This was forwarded to me as I don't
normally read the PDE list (I do now)... I'll try to outline the
direction here and point you at the vaporware articles that we are writing
this month for more details...
0) a meta/philisophical point. We
really don't distinguish between plugins and bundles. To the runtime
they are the same thing. It happens that some have manifest.mfs and
some have plugin.xmls. In the end the runtime autogens manifest.mf
files if needed so everything looks the same (to the runtime). Users
should feel largely the same way... (now on with the answers)
1) There are no particular benefits
of using plugin.xml over manifest.mf or vice versa. For Eclipse 3.0
we propose that people continue business as usual (i.e., use plugin.xml)

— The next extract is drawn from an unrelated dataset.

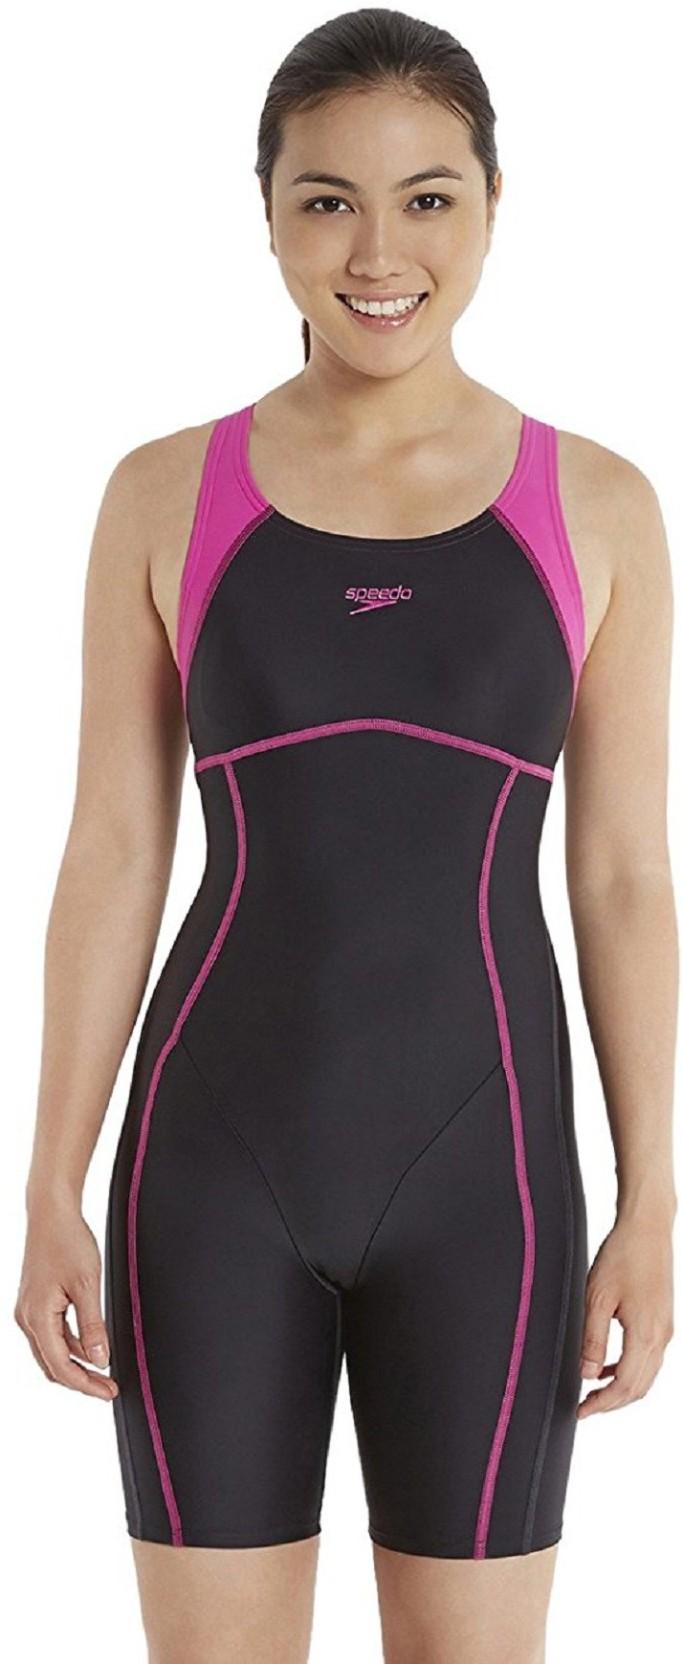 9649d55ee22 Speedo SPEEDO AF ESSENTIAL SPLICED LEGSUIT - BLACK/ECSTATIC Printed Women  Swimsuit. Home

unless something forces the issue. What could force it? There
are certain runtime controls that are only available through the manifest.mf
file (e.g., Import-Package). If you are in a situation where the
only way to get a class/package on your classpath is to use Import-Package,
then you will need to spec a manifest.mf rather than a plugin.xml. These
cases are relatively rare and we are seeking to make them even more so.
I expect that by 3.0 release they will be mostly eliminated.
Having said that, the long term direction
is to move the runtime information (e.g., prerequisite specifications,
library declarations, ...) out of the plugin.xml and into the manifest.mf.
This shift is not on for 3.0.
2) Not quite sure what you are getting
at here but will stab. There really are only two downsides I can
see with not embracing the manifest.mf approach.
a) plugins which supply only a plugin.xml
will have a manifest.mf generated for them by the runtime on first startup.
This is a modest amount of overhead but overhead none the less.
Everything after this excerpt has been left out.